I laughed as I prepared to obey her. How had she ever learned to say it that way? So impeccably firm and impersonal. But there obviously wasn't any other way to say it, except, perhaps, between lovers, or parents and children.
We will require a mucus specimen, please.
But we said,
Blow your nose. Harder. That's better.
The troubling, tyrannical, inconvenient flesh. The sacred flesh. I filled up the jar. The color seemed all right; there wasn't any odor. But I was suddenly trembling, and cold
with sweat. I might have been running for an hour. My body suddenly began to reassert its claims over me, plaintively proclaiming itself as exhausted, petulantly demanding that I
do
something. I had barely strength enough to wrap the towel around the bottle and place it on the lower shelf of the table. I just lay there. The basket of fruit was at my head, I wanted to know who had sent it, but it was too much trouble to lift my hand and look at the card. I began to realize that I was helpless—a big, grown, stinking man, and as helpless as a child. Perhaps, even more than most people, it is a state I cannot endure. It is terrible to depend on others, on another, for the execution of the simplest functions, terrible to see the book one wants at the other end of the room and be unable to get there. It causes one to begin to hate oneself. And, indeed, this vile, creepy, slimy, self-loathing came back as I lay there and realized that I had to go to the bathroom. I would have to use the bedpan; but I would never be able to sit up, unsupported. And I wanted to die—to drop my black carcass someplace and never be humiliated by it any more. I thought I had left this feeling far behind me, but here it was, now, as strong as ever—stronger; as I pictured the clean, apple-faced nurse supporting my back while I strained and sweated and my heavy stink filled the room. I put my hands to my woolly hair, that vile plantation, as though I would tear it from my skull. And I knew that I had felt this, in some way, all my life. But I had buried it; and made a point, certainly, of never being helpless. But if I had always felt this, then, certainly, I must have shown it, and shown it most, perhaps, when I was least aware of it. My body, after all—I told myself—was no more vile than others; my stink was not original, it had no greater resonance; the rats and the
worms would find me as tasty as another. “Ah, Leo,” I said, “what a child you are.” This reflection did not mitigate my distress. The nurse came back. She picked up the bottle. There was no help for it. I said, “Nurse, I have to go to the bathroom.”

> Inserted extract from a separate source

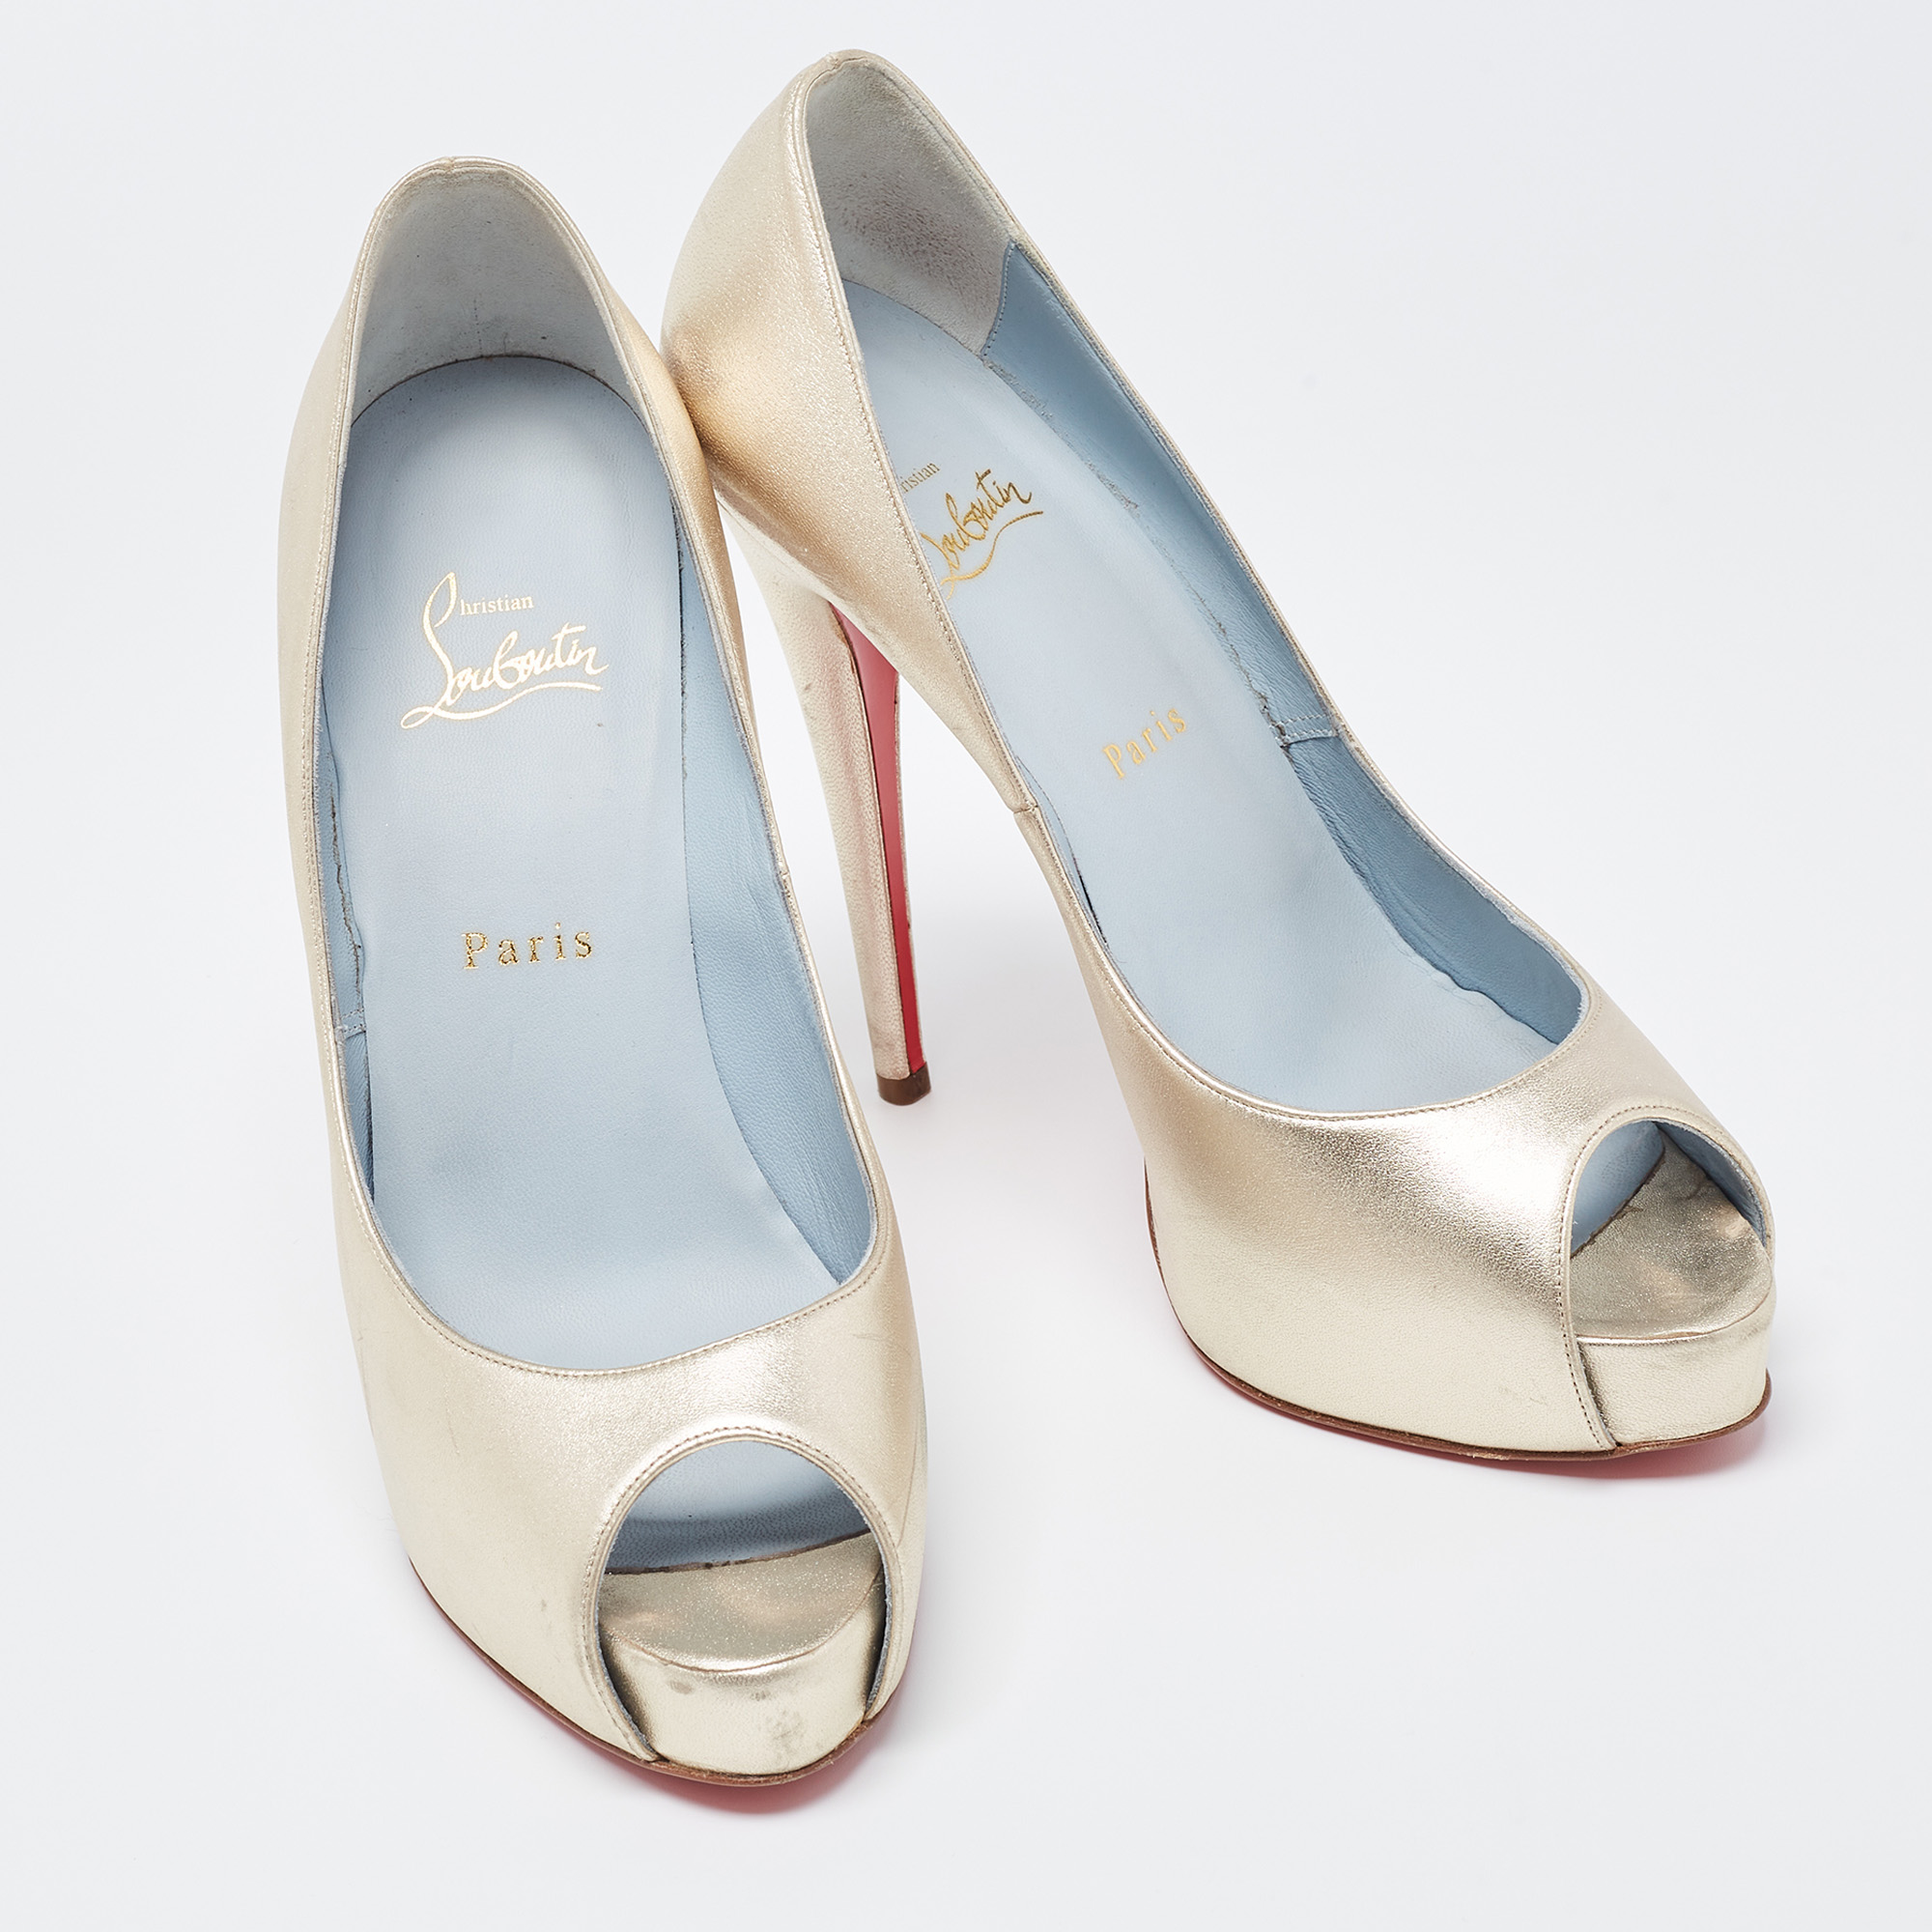 Christian Louboutin Metallic Gold Leather Very Prive Pumps Size 40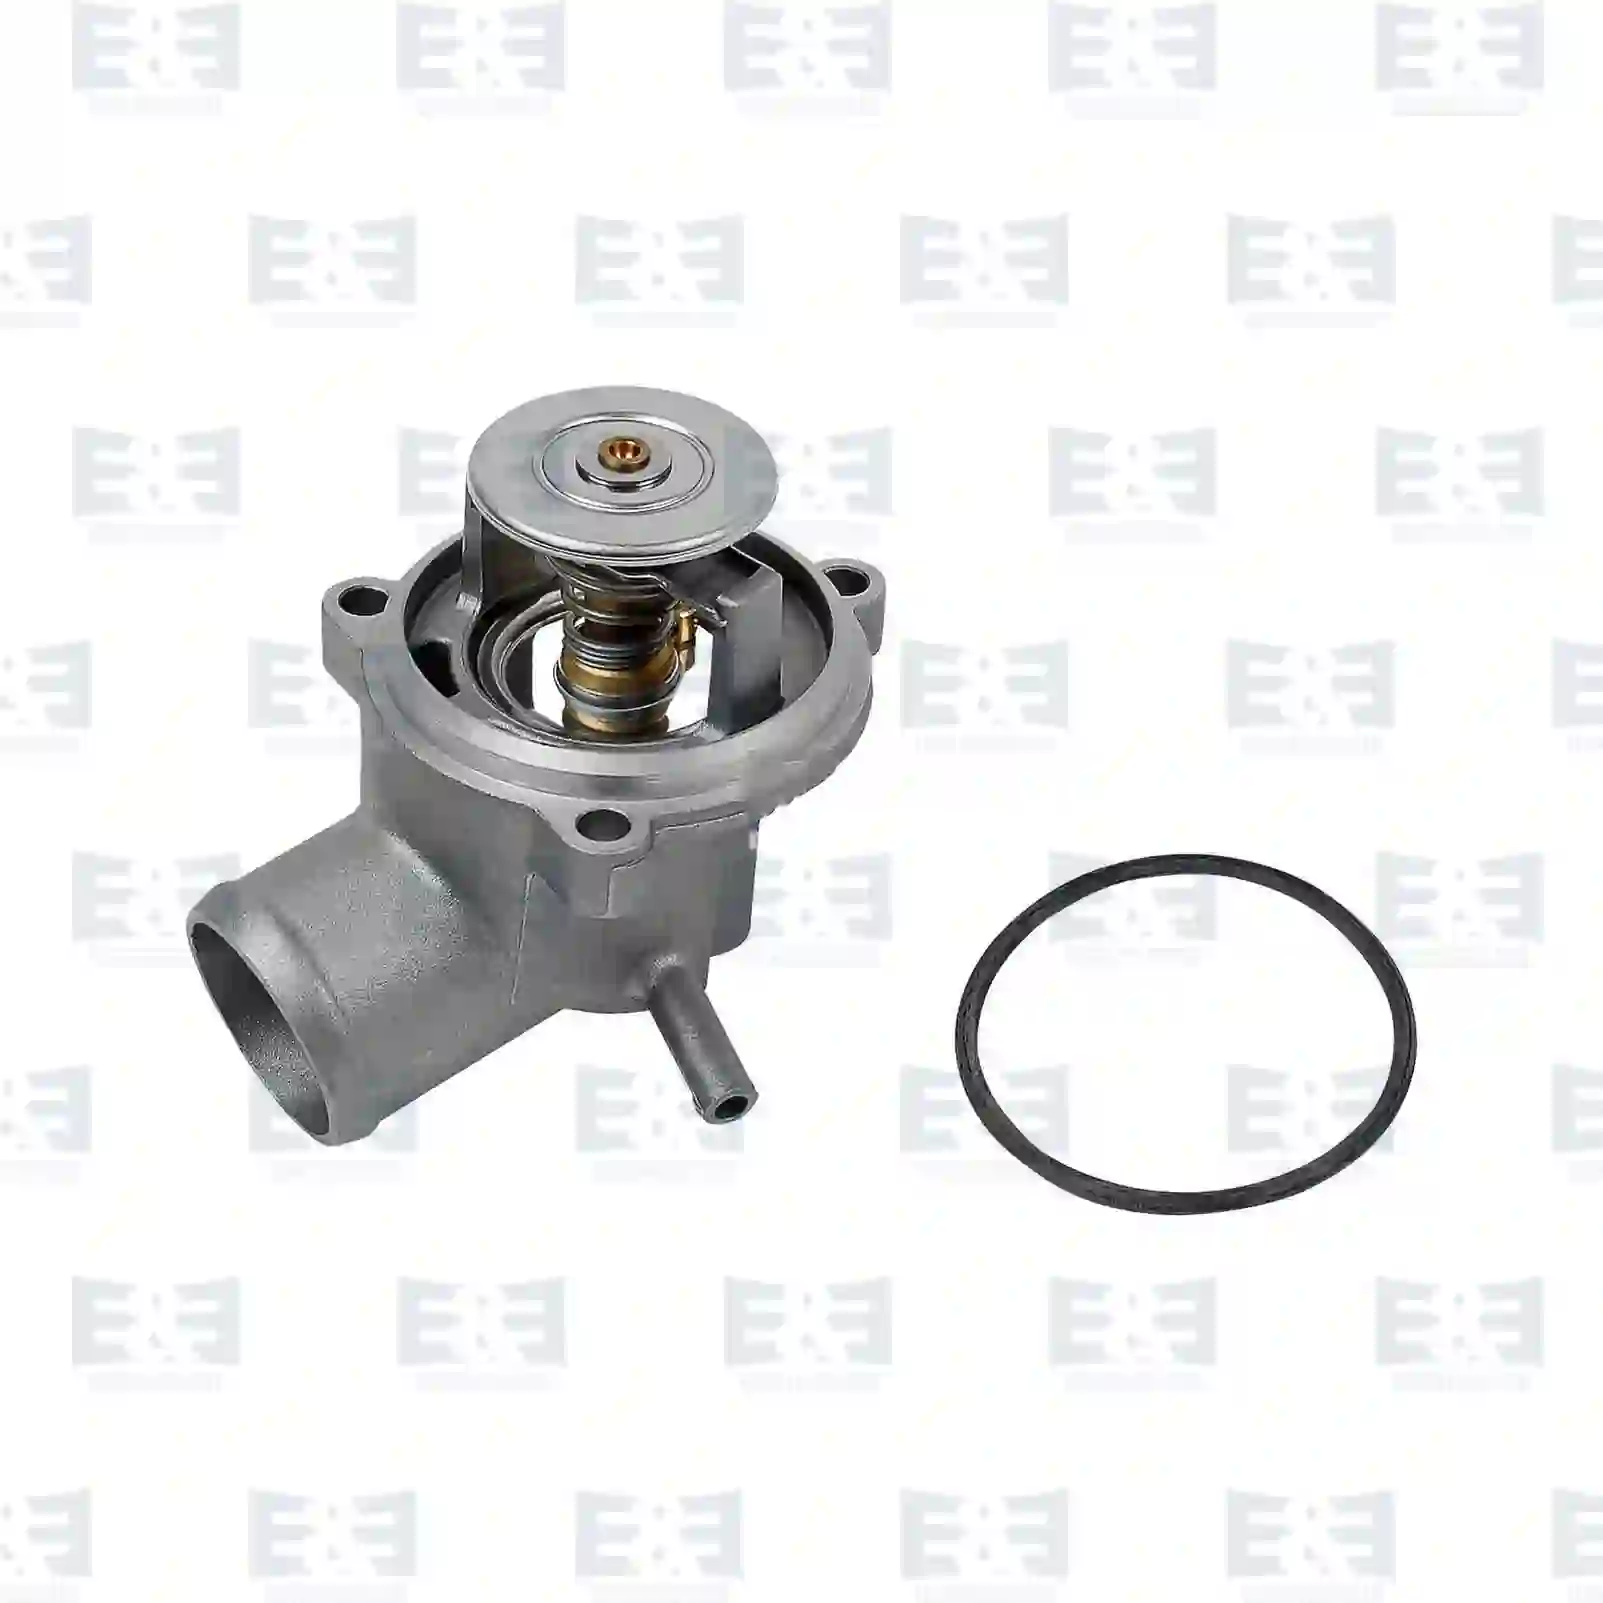 Thermostat Thermostat, EE No 2E2203715 ,  oem no:00A121113, 1112000315, 1112000415, 1112000815, 1112000915, 1112001215, 1112001515, 1112001615, 1112001715, 1112001815, 1112001915, 1112030275, 1112030375, 1112030575, 1112030675, 1112030875, 1112030915, 1112030975, 1112031075, 00A121113, 00A121113, 1112030875, 1612033375, 1612033775, 00A121113, 00A12111371, ZG00672-0008 E&E Truck Spare Parts | Truck Spare Parts, Auotomotive Spare Parts

She said, “I can't let you move. Wait just a moment.” Then she smiled a real smile. “I
know
it's awful. But
please
don't let it worry you. Please don't.” She disappeared, then returned with the grim utensil. Her words hardly helped and yet I guess they helped a little. Anyway, we were still friends when it was over. I lay back. I wondered why humiliation seemed, after all, at bottom, to be my natural condition.

The doctor came in, the little nurse beside him. He was very cheerful, too, seeming to bring into the room with him the stinging air of the bay. His face was ruddy and he was immaculate, from his smooth, gleaming brown hair to his gleaming brown shoes. “You have decided,” he said, “to return to us. I thought you would, just as soon as you got a little rest. You know, I have never seen a man so tired as you. And that is very unwise.” He sat down and took my pulse. The nurse showed him my chart. He looked at it for awhile, looked at me. “Ah, yes,” he said. “How do you feel today? Any pain?” He watched me very carefully.